» Information shown:
++++++
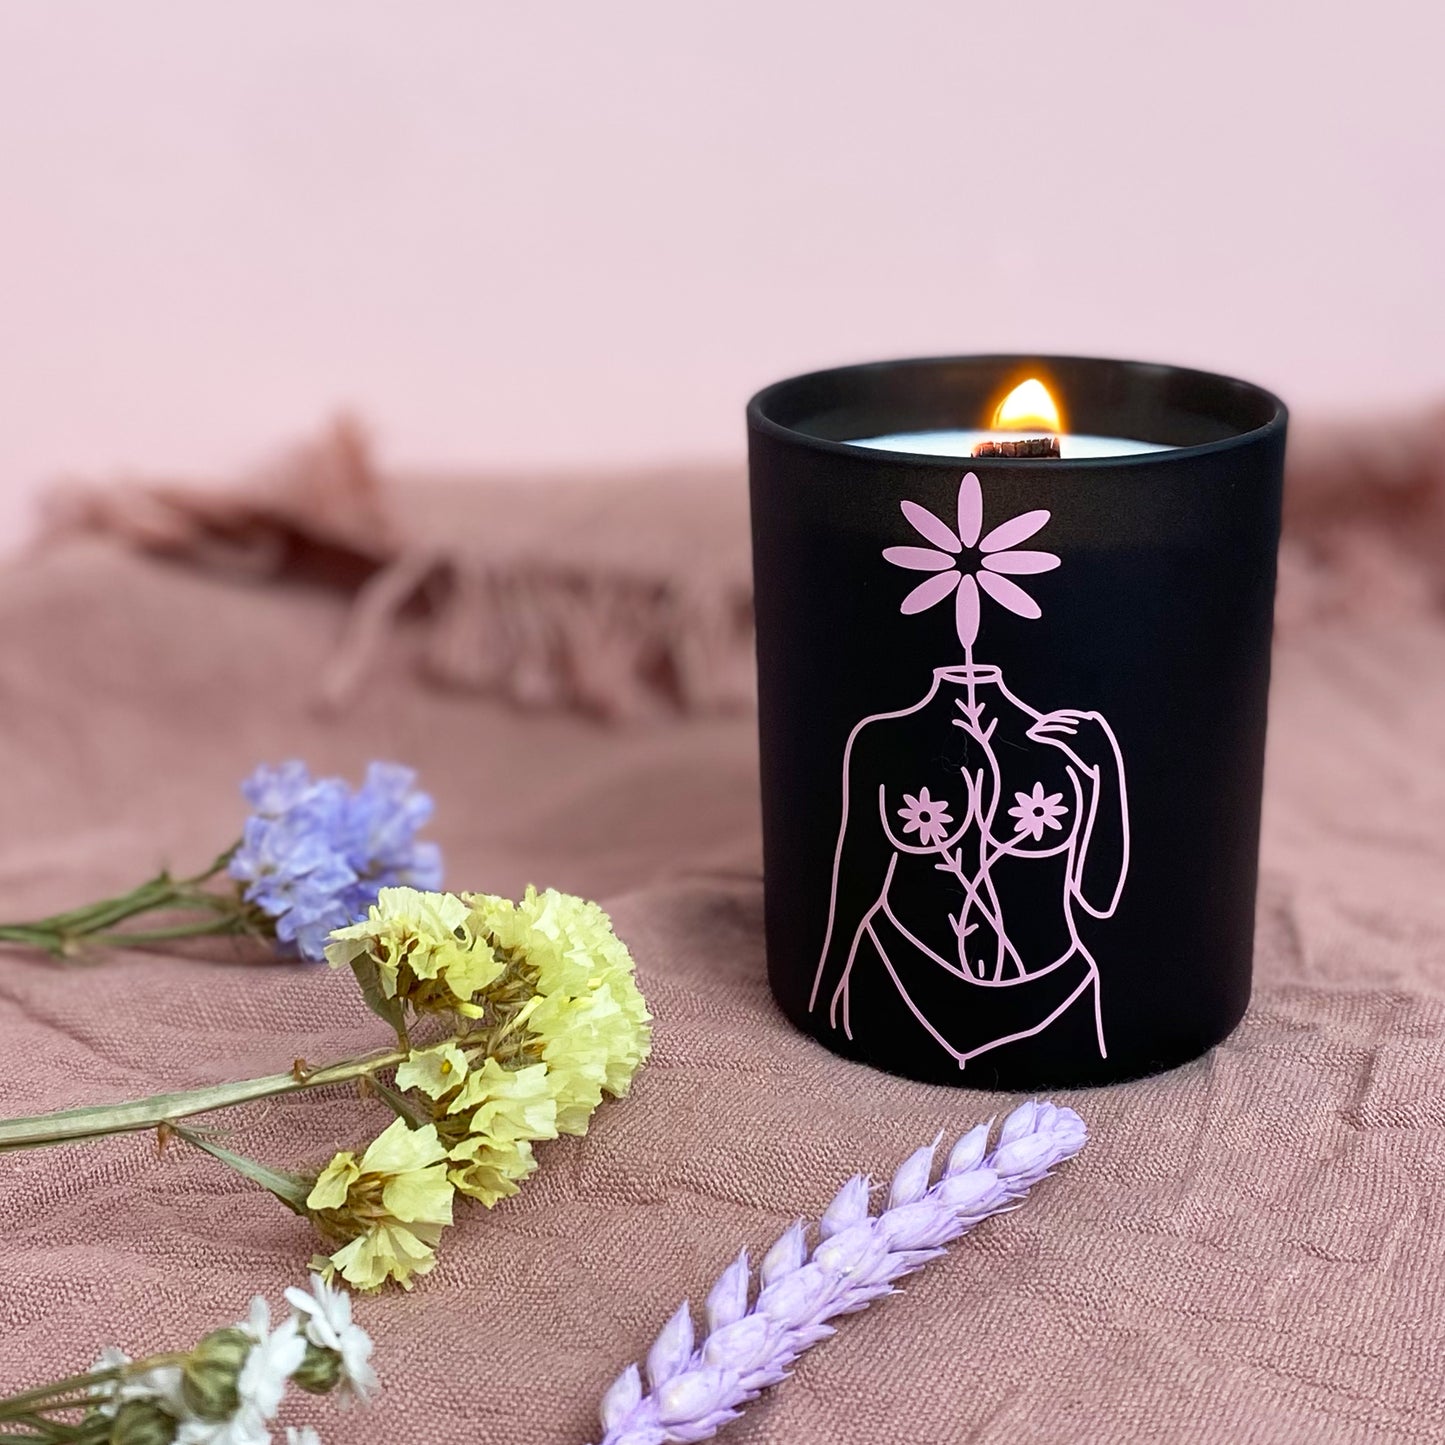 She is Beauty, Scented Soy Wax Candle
++++++
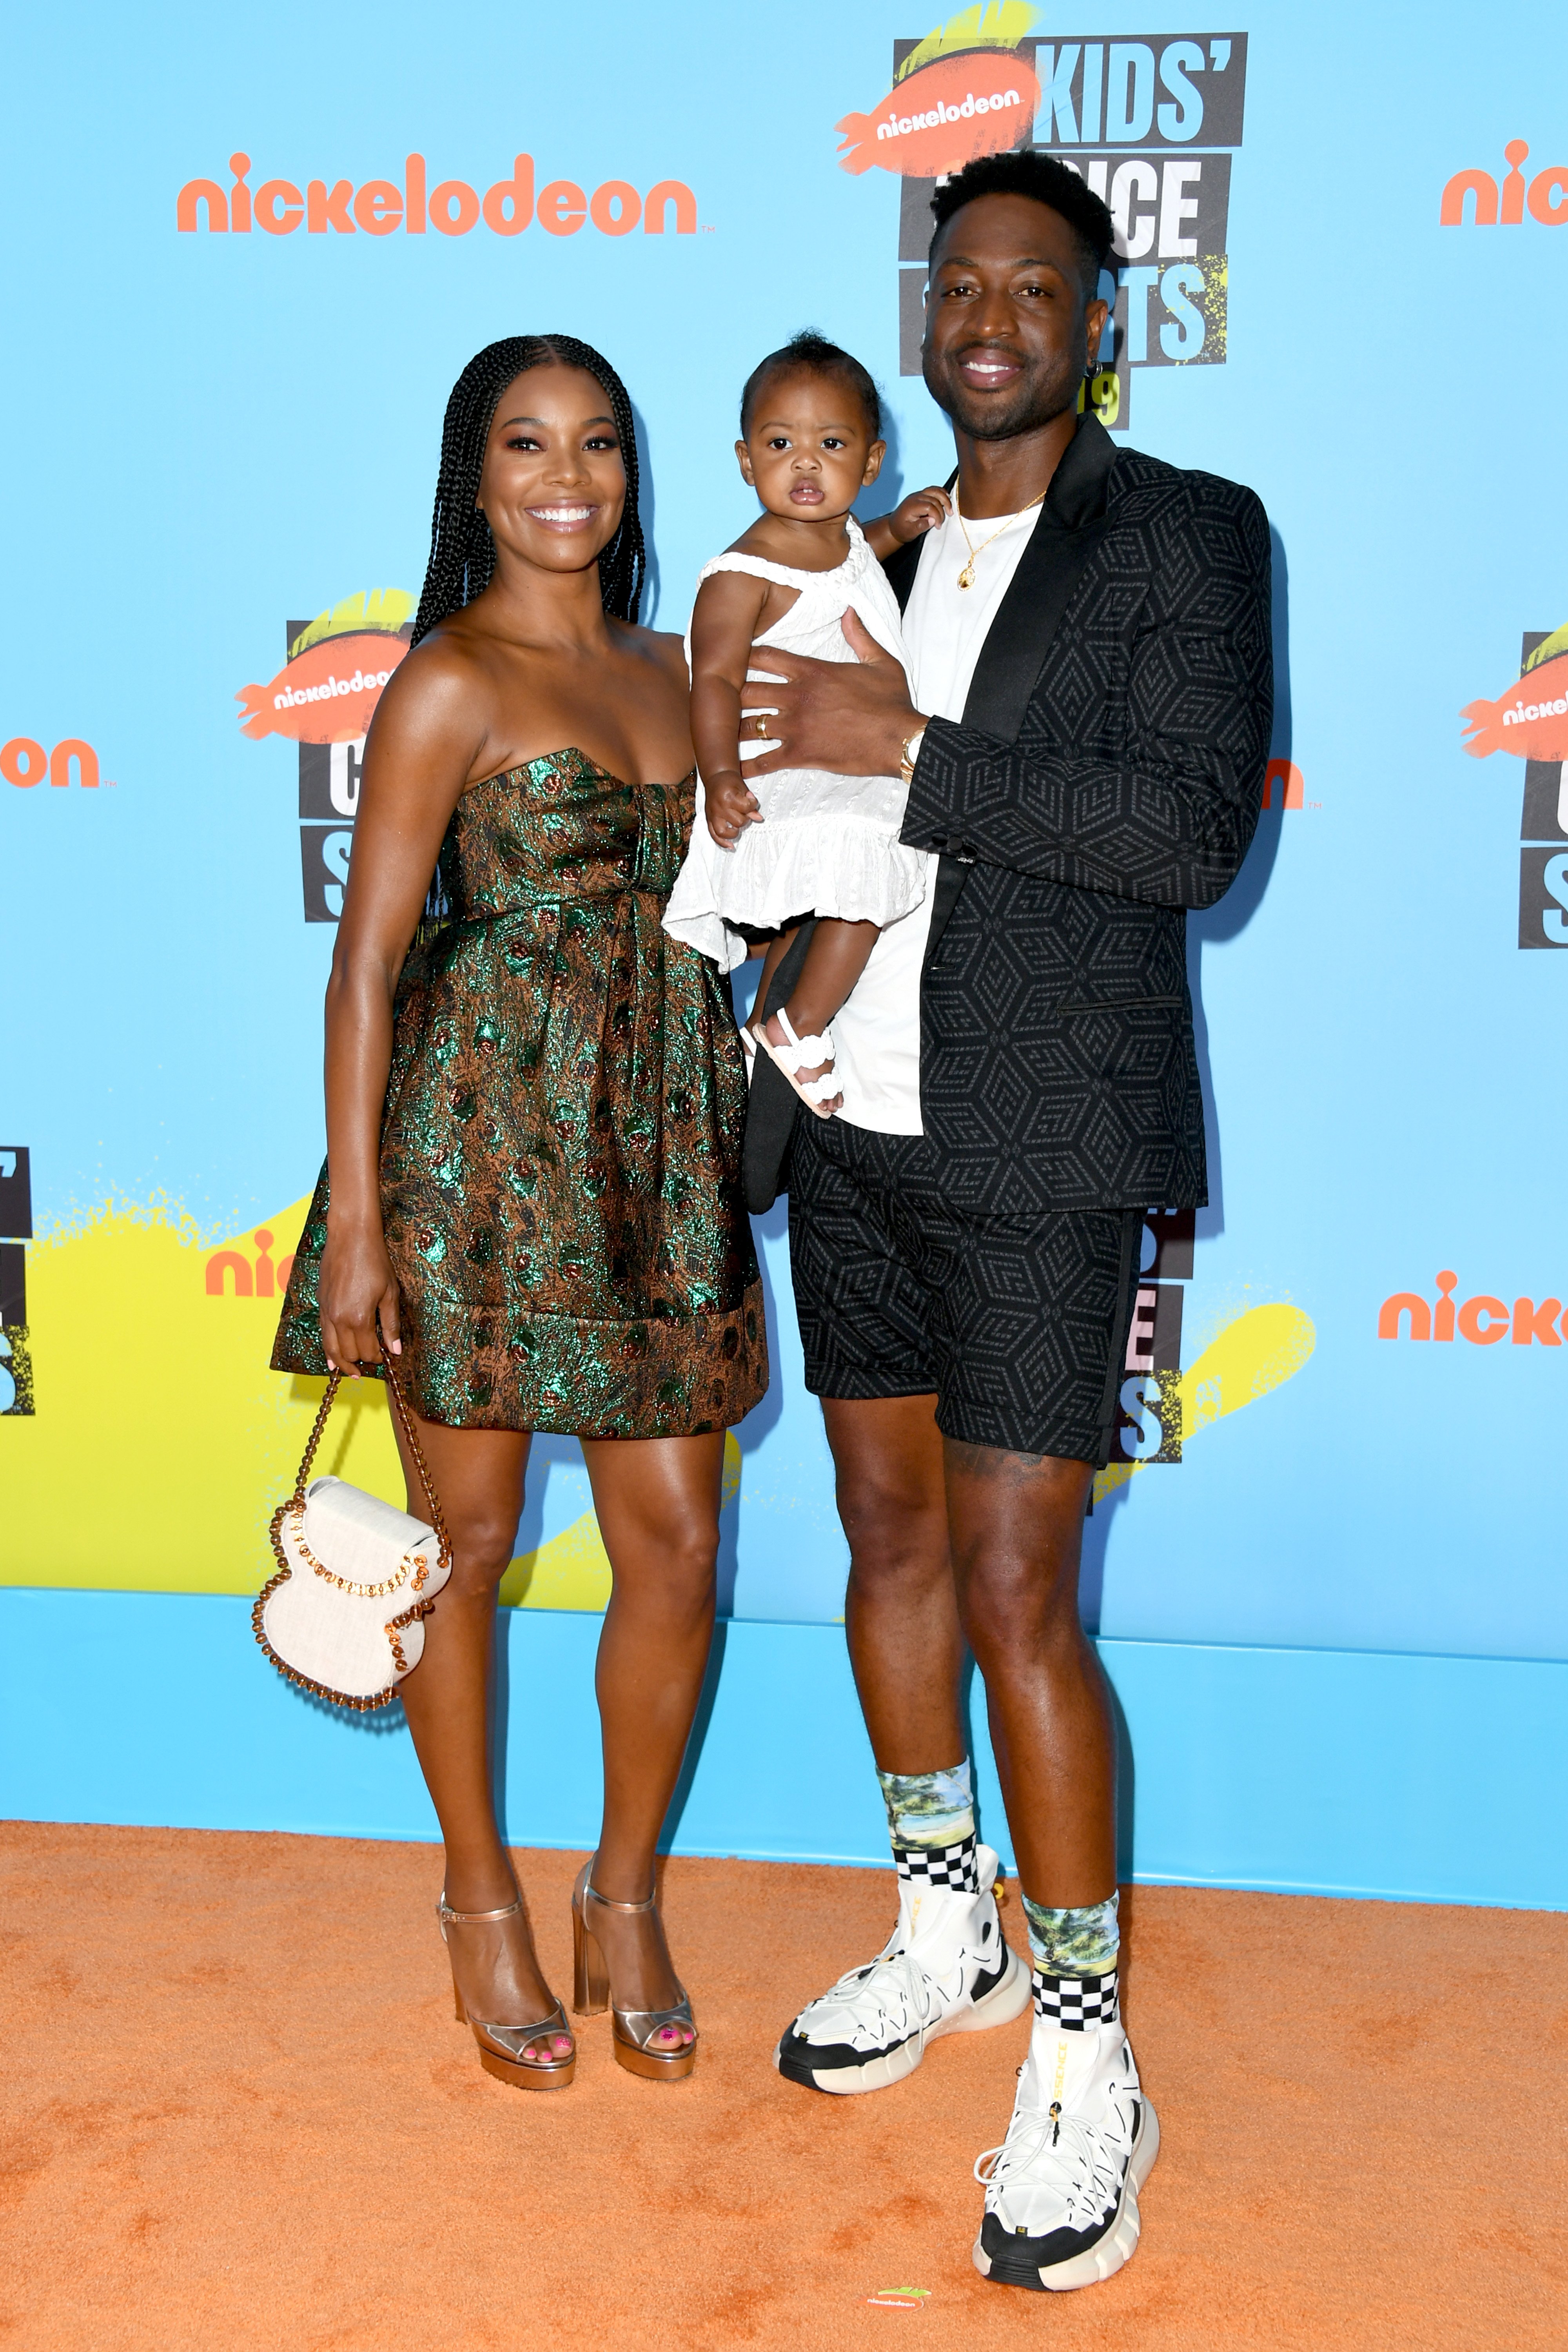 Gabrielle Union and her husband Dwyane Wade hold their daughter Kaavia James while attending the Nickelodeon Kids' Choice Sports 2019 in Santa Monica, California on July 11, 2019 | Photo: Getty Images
++++++
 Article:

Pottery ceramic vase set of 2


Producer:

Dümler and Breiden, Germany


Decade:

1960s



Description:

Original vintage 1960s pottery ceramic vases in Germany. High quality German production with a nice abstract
++++++
» Your task: Whenever the string "Germany" turns up in a line above, copy that line out.

» Finished exercise:
Dümler and Breiden, Germany
Original vintage 1960s pottery ceramic vases in Germany. High quality German production with a nice abstract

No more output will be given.